I’m just throwing this out.

POLASCIK: On the one hand, I like to be very confident for the patient’s sake. On the other hand, we’re trying not to do more biopsies.

VOICE 2: Right.

POLASCIK: But, I think these things are going to come back and bite us in the foot, at some point. The reality is we’re seeing short-term studies now—couple years. I’m interested to see if those reports are going to extend out five and ten years, because I think if they do, we’re going to see more cancers coming back, just because the biopsy wasn’t thorough enough, the interrogation wasn’t thorough enough initially.

MALE VOICE 2: There’s at least a couple of questions. The first question was: When you’re doing the anterior freeze technique that you demonstrated, or showed slides of, do you use the temperature probes to monitor the temperature anteriorly? And that’s done hopefully to prevent penile . Or what kind of monitoring do you do intraoperatively, specifically for the anterior freeze?

POLASCIK: The answer is no. I haven’t really seen penile numbness. I’ve done over 500, 600, 700 cases. I’ve maybe seen it a couple times. It’s more common in the salvage setting.

This anterior gland ablation is no different than whole-gland cryo, and I don’t normally monitor the temperature there.

I do put a thermocouple at the rectal wall at the rectal wall and at the apex and monitor the sphincter. Then I may monitor one of the neurovascular bundles just to make sure that stays warm.

MALE VOICE 2: Then the following question, we touched on a little bit this morning, but it has to do with immunology. Do you think the release of neoantigens—when you ablate tissue, however you do it—they said HIFU in the question, but I’m sure it’s released by other energy sources, as well.

How much of a role, if any, do you think that plays?

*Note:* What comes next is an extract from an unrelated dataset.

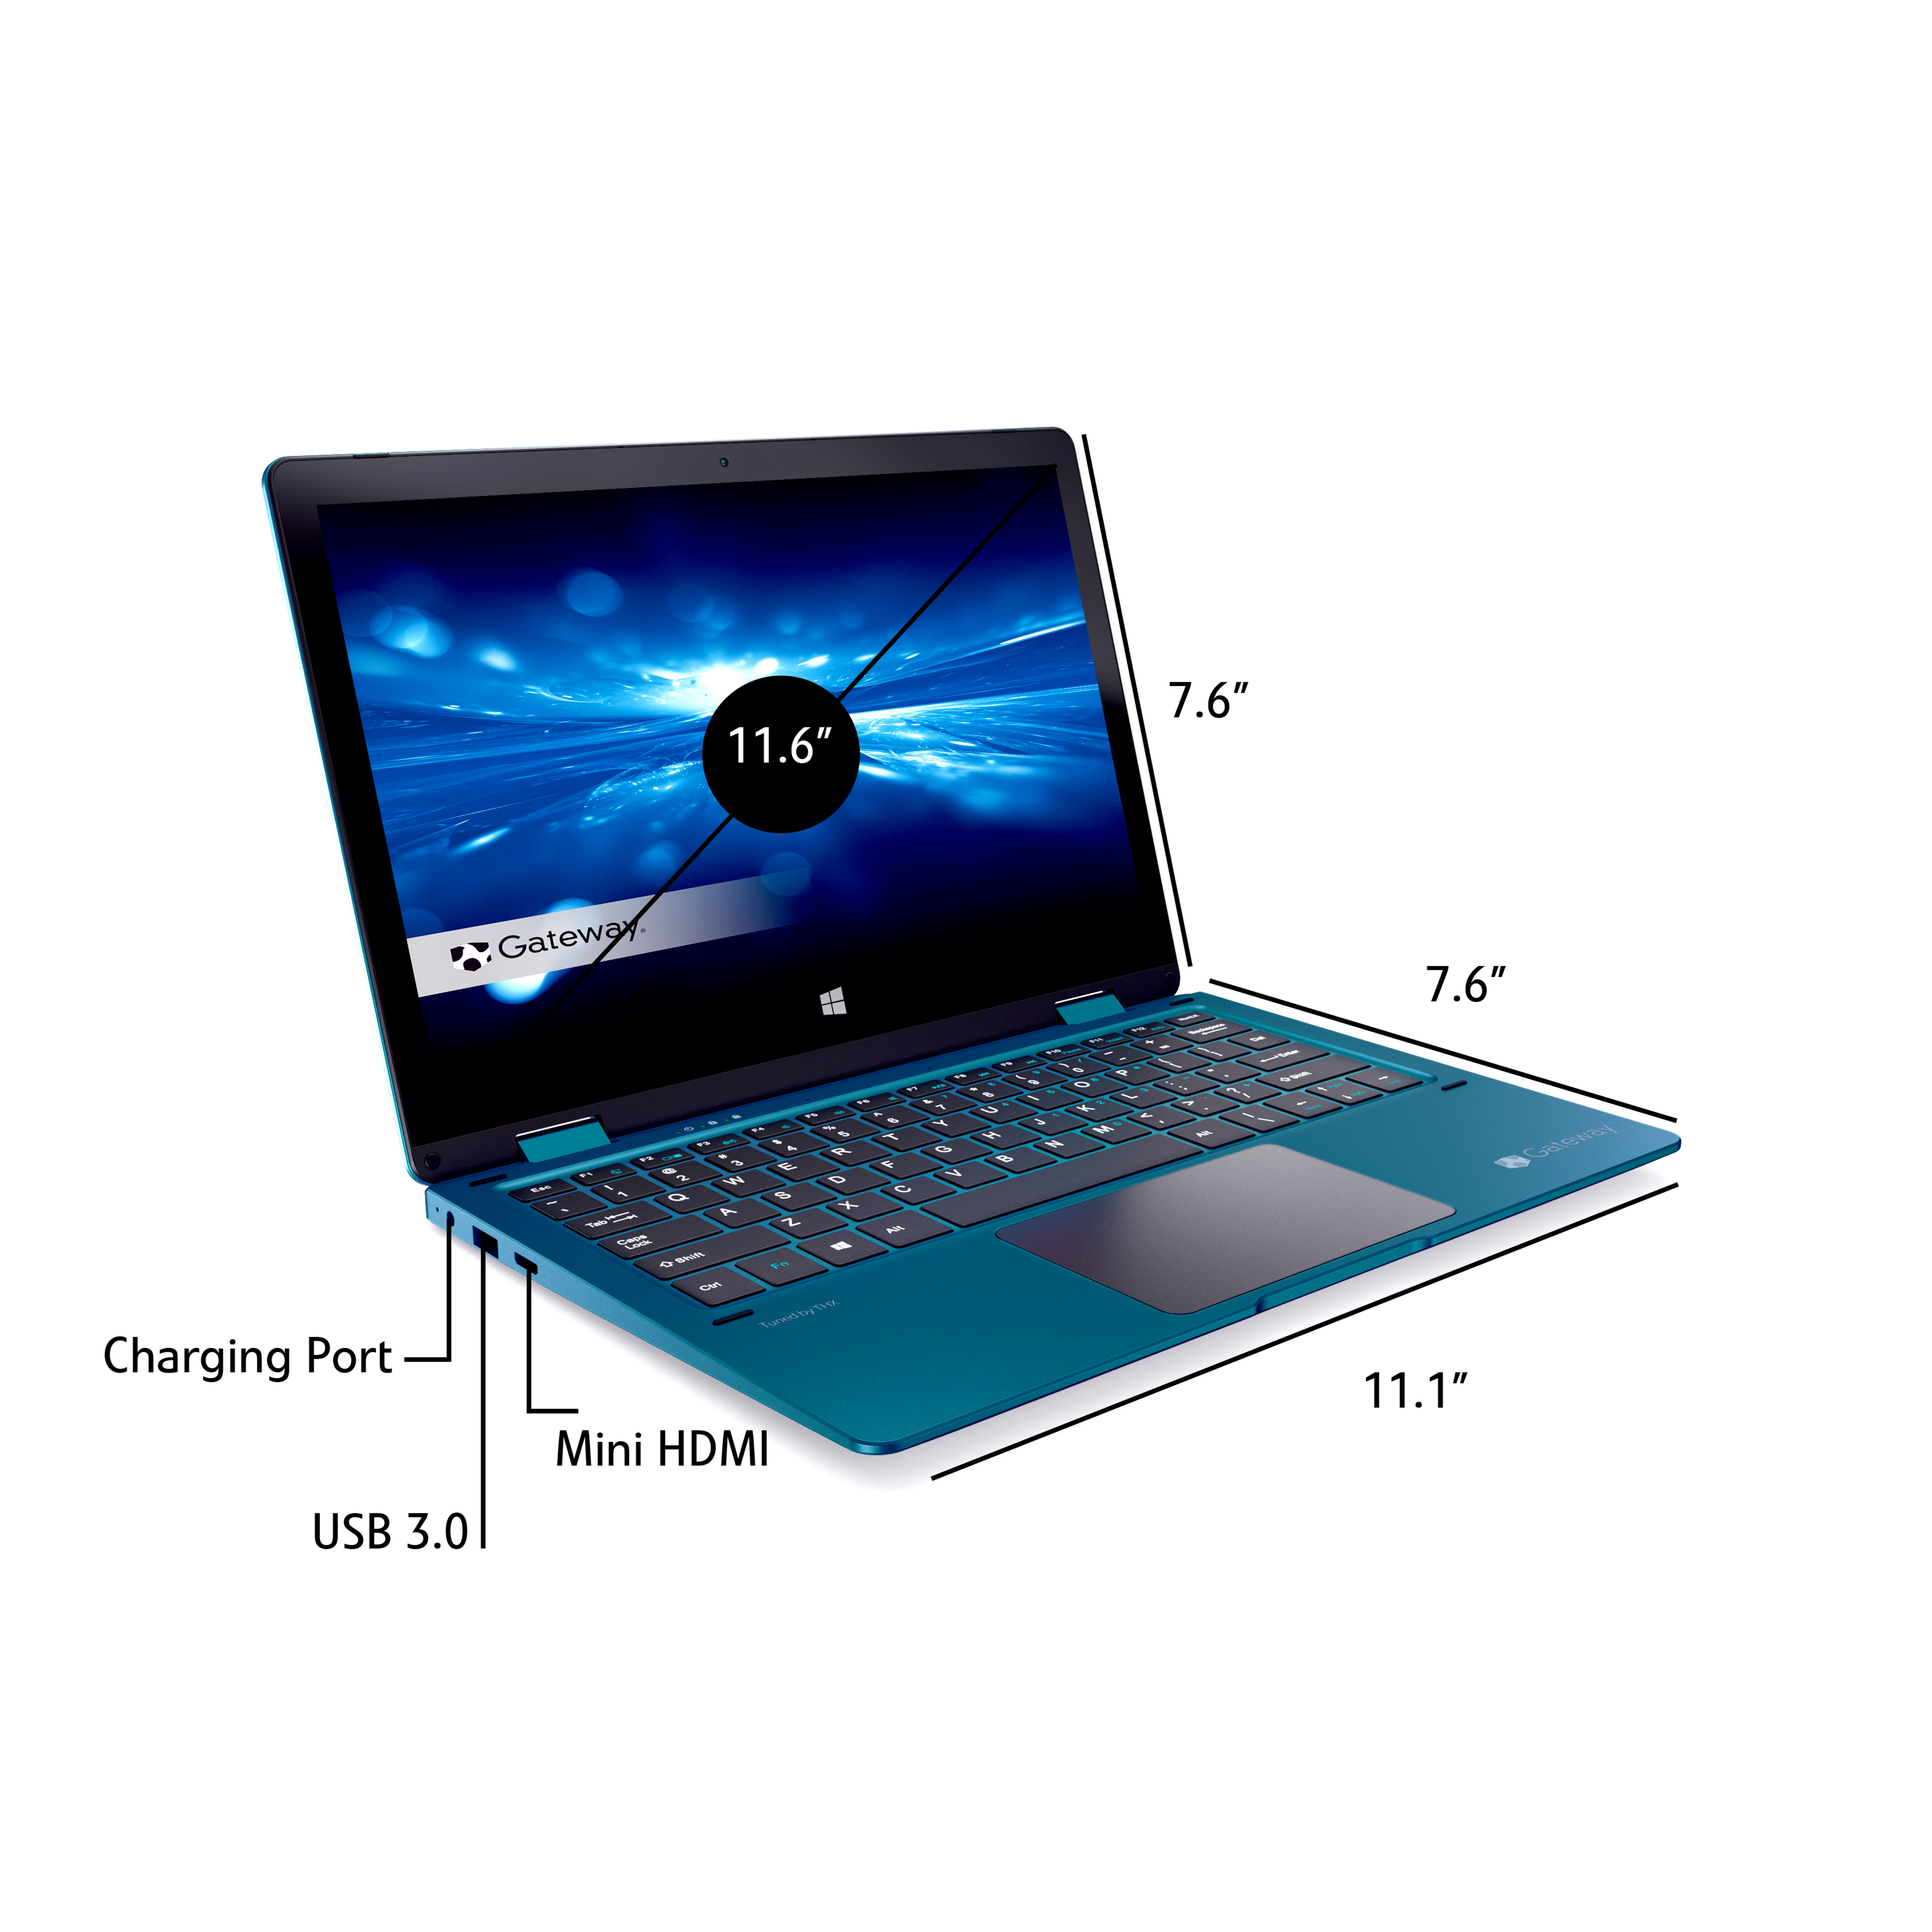 Gateway Notebook 11.6" Touchscreen 2-in-1s Laptop, Intel Celeron N4020, 4GB RAM, 64GB HD, Windows 10 Home, Blue, GWTC116-2BL - image 6 of 8

POLASCIK: Again, I’m a believer. It’s not just HIFU, but with any of the ablative technologies that you’re releasing antigens and you can harvest the immune system. I’m just not aware of anyone who’s figured out a real good way to do it at this point in time.

One of the HIFU companies came by within the last year and wanted to know if we, or anyone that I know of, has figured out what that holy grail is. I’m not aware of anyone.

Like I said, for cryo, I think the best we have right now is vitamin D, which is very easy. You get a vitamin D level, you load it up, and you don’t need to hit those extremely cold temperatures to achieve cell death. But for HIFU, I’m not aware of anything at this point in time.

MALE VOICE 2: When you use cryotherapy, do you use vitamin D outside of a clinical trial at this point?

POLASCIK: I  recommend it; whether patients take it or not is another.

MALE VOICE 2: [Interposing] What do you recommend just for folks that do cryotherapy? What do you recommend? What kind of dosing, and for how long?

POLASCIK: Vitamin D2 would be 50,000 international units. Or for vitamin D3, I think 5,000 a day is reasonable, and for several weeks. Most people, by the time you go in the OR schedule, it’s four–six weeks, so I think that’s a good window.

Most Americans are very low in vitamin D anyway, especially in the winter months. You’re probably just trying to get their levels anywhere near normal. I don’t think they’re not going to become super therapeutic around here.

MALE VOICE 2: I may have misinterpreted it, but in one of the slides you showed for focal ablation, there was still about a 50% erectile dysfunction rate. That seems pretty high for a focal therapy.

Is there anything that can be done, other than completely missing the neurovascular bundle, to make that rate better? It just seems like a high rate for a focal therapy.

POLASCIK: Yeah. If you look at all the series—I’ll speak on cryo—the rate for potency ranges between 60% and 90%, overall. Half of those men who are considered potent are actually taking oral medication. That’s been seen in multiple single-center series.

The COLD Registry is a little bit lower; I think largely because there’s no set way of doing it. You have many, many people doing it, some of which don’t really have the volume or the expertise. It’s kind of a big picture.

I think we’ve also tried to put warming rods outside the prostate at the vicinity of the neurovascular bundle, but that didn’t really work, because then you have a cold-warm interface. That wasn’t very effective for a cancer-control point of view. And it didn’t really do very much for the potency issue.